● **What to work on**
Print the whole listing exactly as it appears, but skip the pictures.

● **Information supplied**
.....
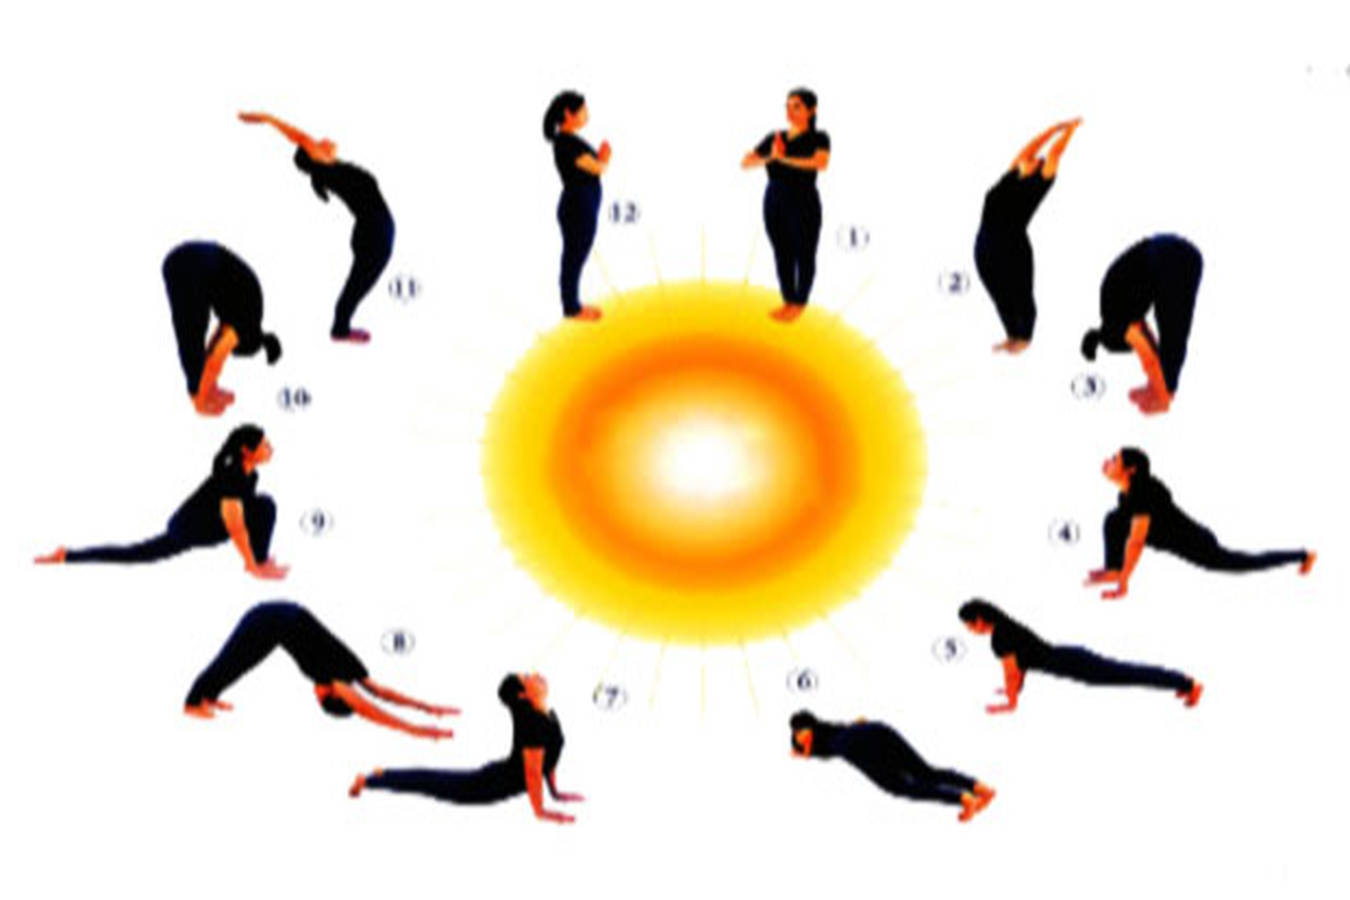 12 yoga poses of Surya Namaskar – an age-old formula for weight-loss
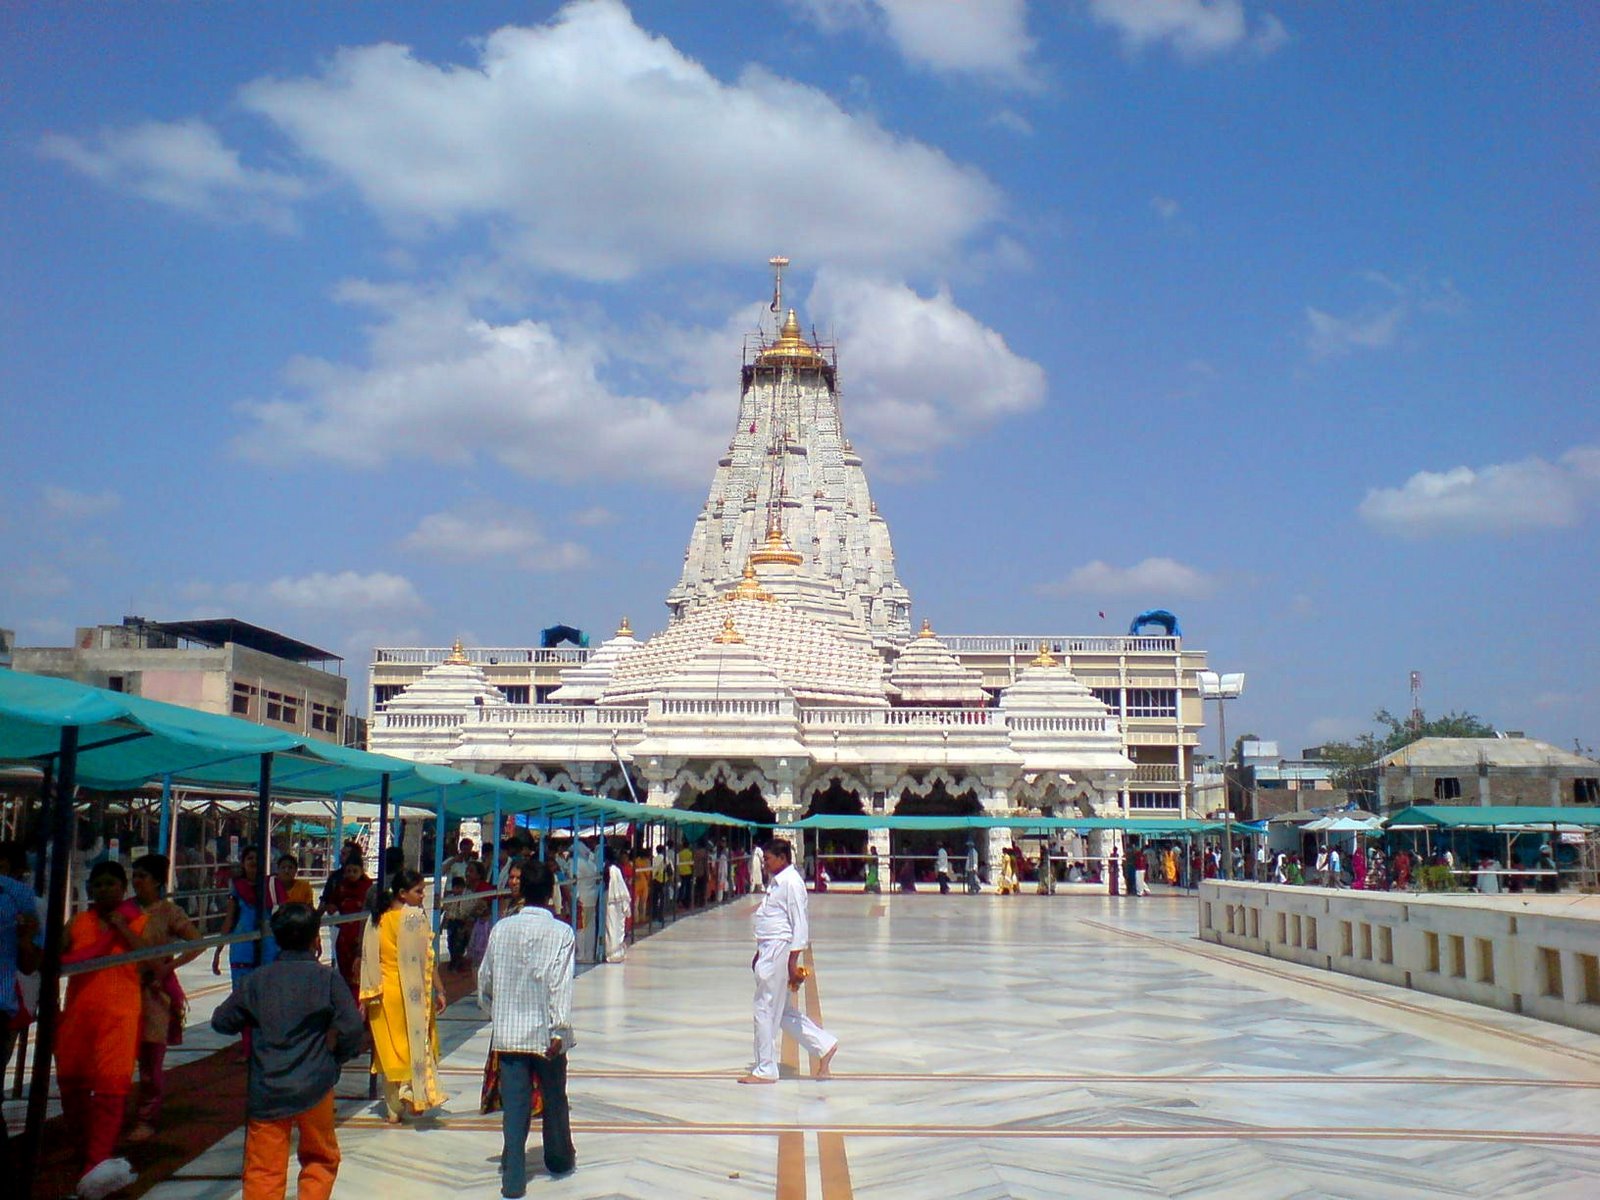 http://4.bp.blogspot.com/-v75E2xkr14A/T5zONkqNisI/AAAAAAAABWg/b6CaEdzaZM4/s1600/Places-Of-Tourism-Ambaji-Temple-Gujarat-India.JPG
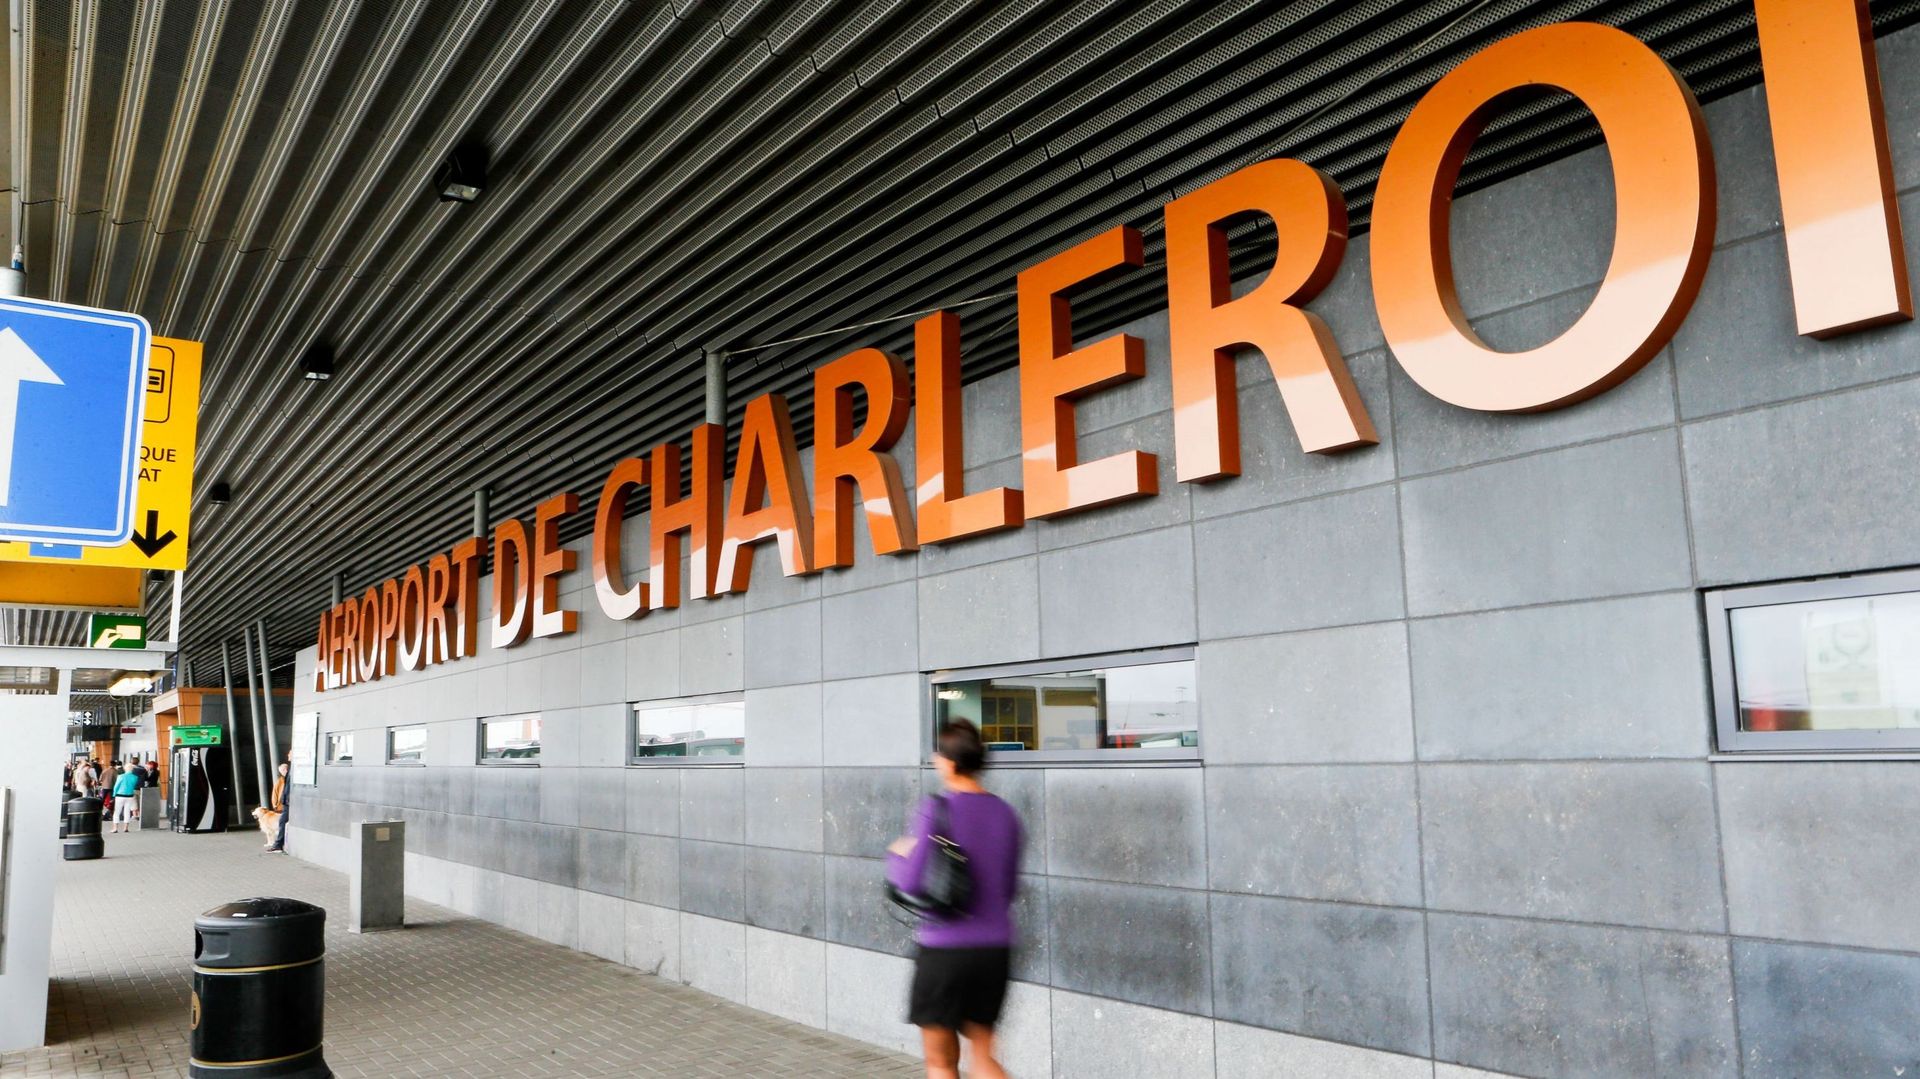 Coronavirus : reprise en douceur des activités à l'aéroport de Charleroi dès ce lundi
.....
● **Expected answer**
 12 yoga poses of Surya Namaskar – an age-old formula for weight-loss
 http://4.bp.blogspot.com/-v75E2xkr14A/T5zONkqNisI/AAAAAAAABWg/b6CaEdzaZM4/s1600/Places-Of-Tourism-Ambaji-Temple-Gujarat-India.JPG
 Coronavirus : reprise en douceur des activités à l'aéroport de Charleroi dès ce lundi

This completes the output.